A few days ago I was putting together a letter for the 2010 Trust Birth Conference and it started me on a train of thought that culminated today as I was sitting having the second pedicure of my life at the local beauty school. Let me take you for a little ride.
Most of us know that your bond with your child starts at a very early age, pre-birth actually. They hear you and are able to sense many of your emotions. They can even detect some of your actions. A baby can sense when they are wanted and loved and when they are not.
From the very first moment I wanted my baby and everything to do with baby making to be healthy and holistic. Several people suggested I drink before my wedding night to make things “easier.” My thought was “Why? I want this to be the night that my husband and I become one, where we attach, where we form our life-long bond, why would I want to be anesthetized for something as amazing as this?”
I was pregnant very shortly after my wedding and I was happy to know that my son was conceived with me in a conscious and aware state of mind. During his pregnancy I thought about what I put in to my mouth, what I listened to, what I read, and who I was choosing as a care provider. When it came time to birth my son I trusted that my body knew what to do, I surrounded myself with people who could re-affirm that belief if I happened to lose my direction during labor.
I had him where I was most comfortable, at home, with my mother, my sisters, my husband, a midwife and even my father. I was surrounded by the people who I was attached to and I was fully conscious and aware as I took each step to birth my son. When my son was born I grabbed him to myself, skin-to-skin rocking him and crying “my baby, my baby”; we knew each other.
I know all kinds of women who have birthed and attached to their children in all kinds of ways. It is always work. Sometimes I think it is more work than is necessary because trusting birth is just a step in trusting yourself as a parent, trusting attachment, trusting your choices.
Trust starts at conception, they are entrusted to us and fully trust in us as we birth and raise them to become fully attached loving and loved children.
Jasmine is a co-housing community living mama with a passion for fierce writing she blogs at www.herscreed.wordpress.com
Photo: Memotions/Flickr
Very sweet story. This quote brought tears to my eyes, “When my son was born I grabbed him to myself, skin-to-skin rocking him and crying “my baby, my baby”; we knew each other.” It couldn’t be that I’m 40 weeks pregnant today and just waiting to meet my second sweet little daughter!

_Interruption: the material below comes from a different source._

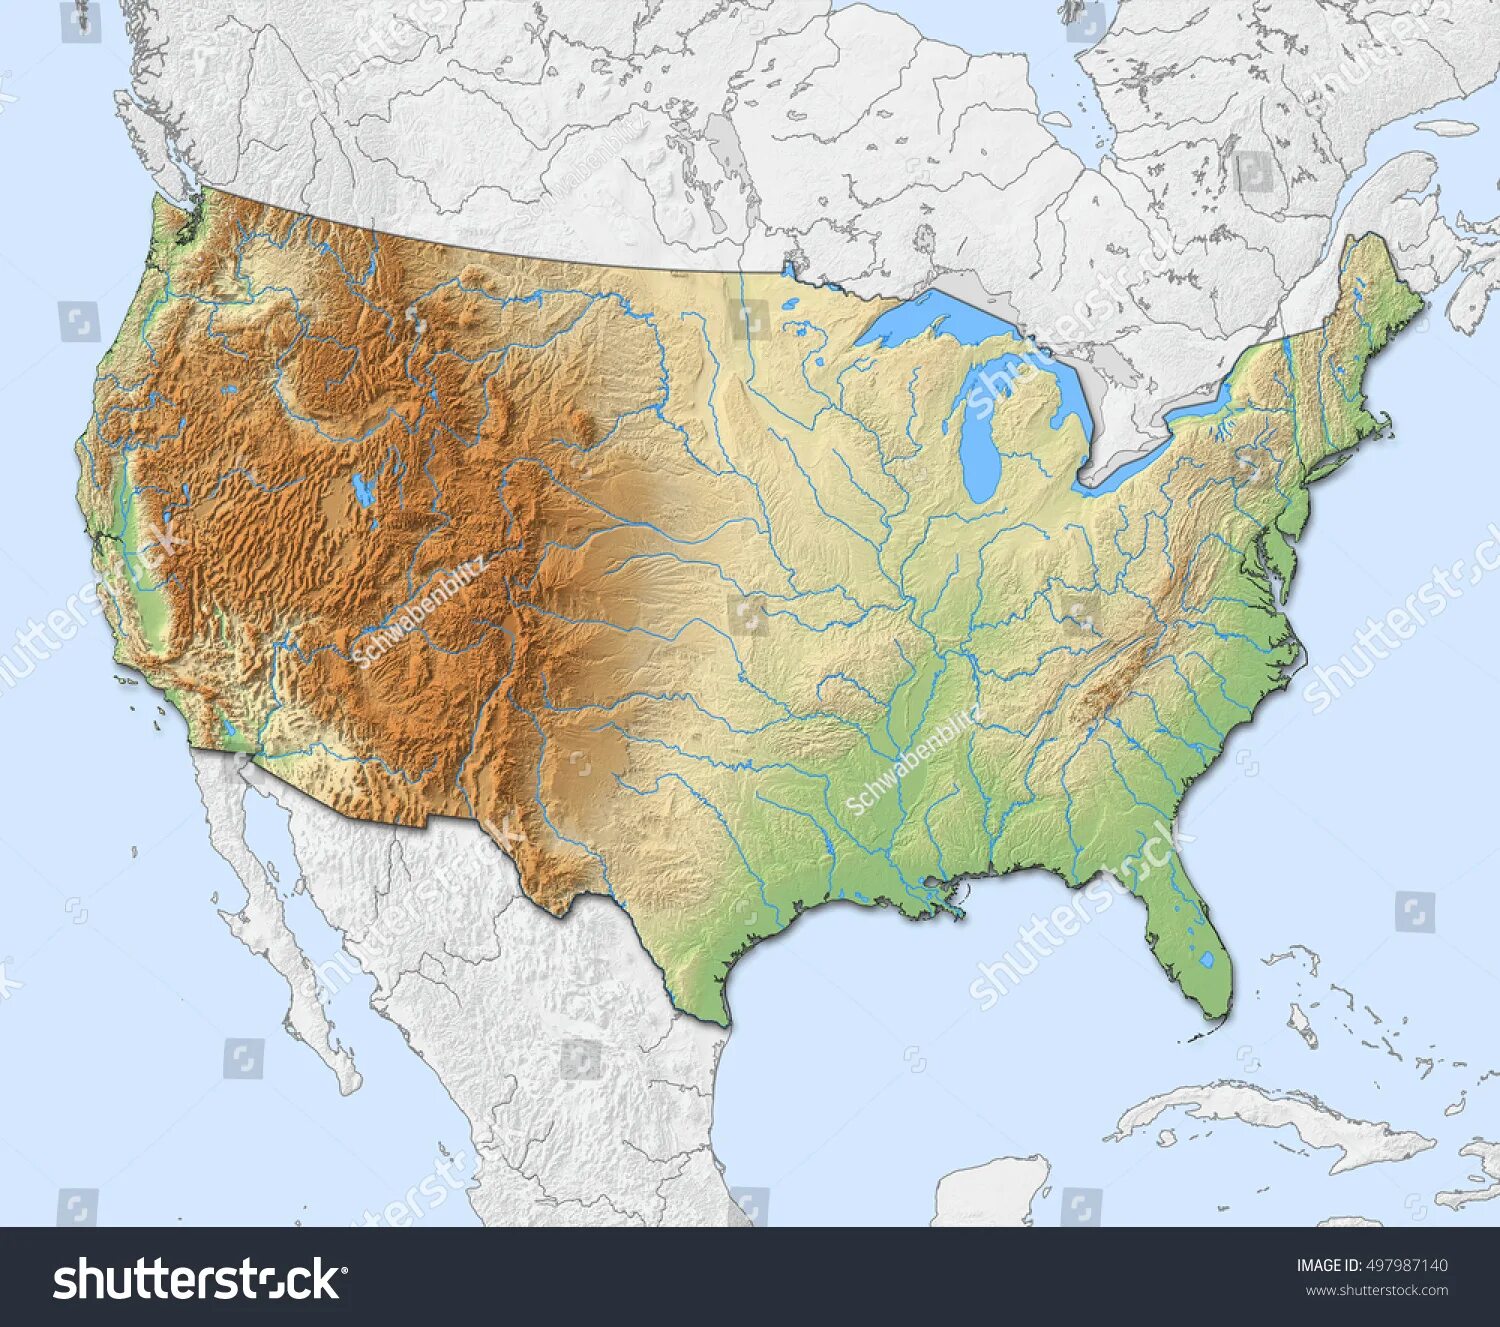 Карта рельефа США. Лаврентийская возвышенность Северная Америка. Рельеф и климат США. Рельеф в USA. Особенности рельефа сша общий характер поверхности основные

“When it came time to birth my son I trusted that my body knew what to do, I surrounded myself with people who could re-affirm that belief if I happened to lose my direction during labor.” Jasmine via API
What happens when those you choose to fully support you are the ones who suddenly fear birth even before its had a chance to begin? I was told by both midwives to go to the hospital at 42 weeks because I had no labor and no dialation, although my son and I showed no signs of distress!

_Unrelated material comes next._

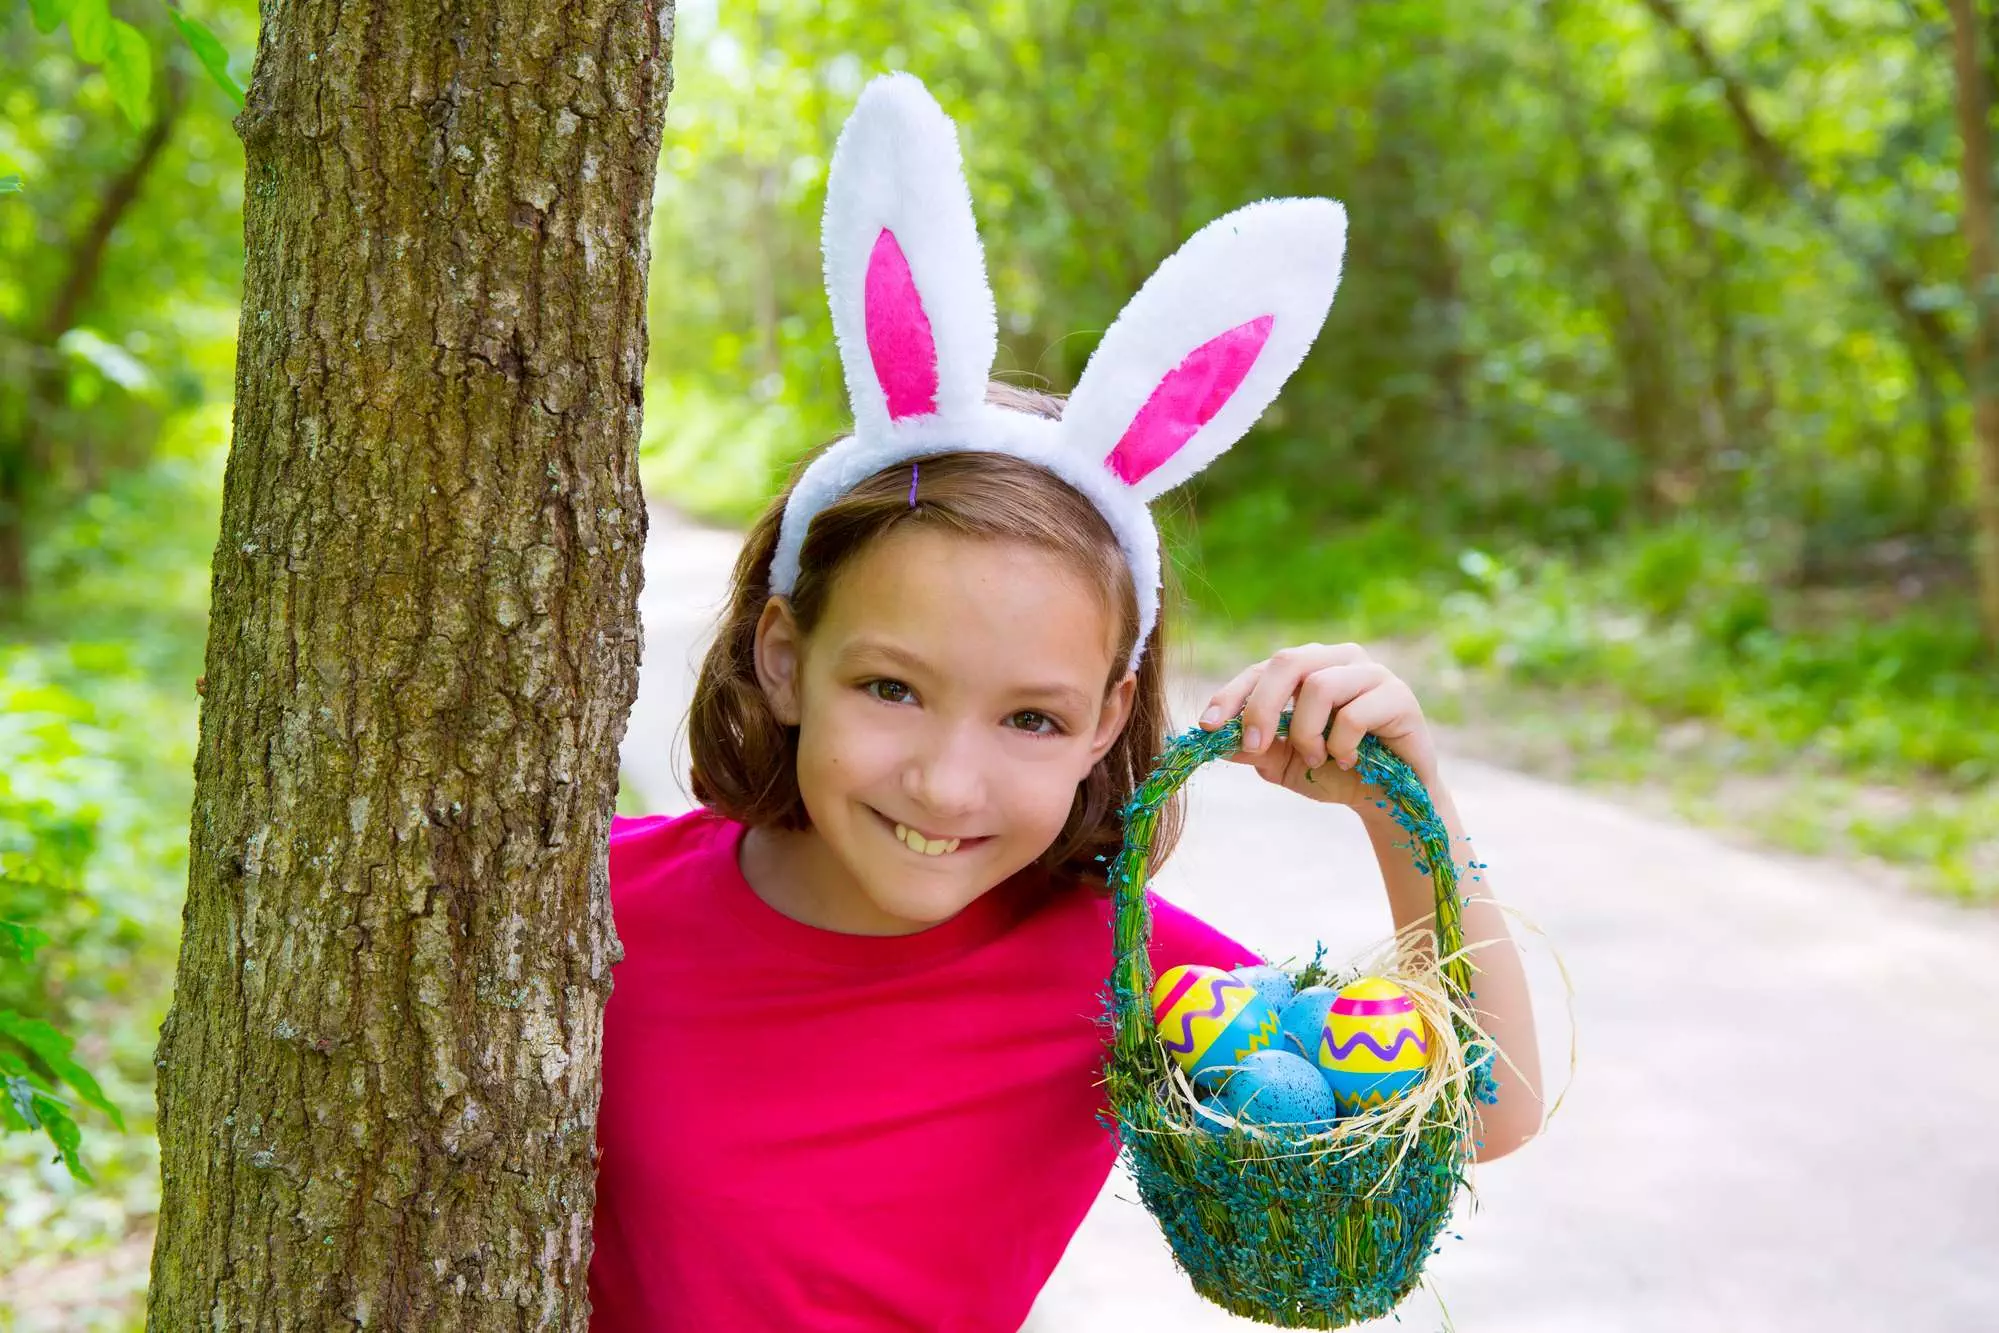 Easter basket ideas for girls

The midwife that was attending me thought I should go to the hospital right in the middle of my labor because she had not been to very many first time labors even though neither my baby or I were in distress. I was also 16 days “late”. It is a bummer when someone who is supposed to be supporting you all of the sudden is afraid even though they have told you to trust. I think that is when we need to be able to trust our own bodies and what we think and feel, we are in touch with our babies and our selves, if we have a partner it is great to have them as support… keep yourself educated and trust yourself!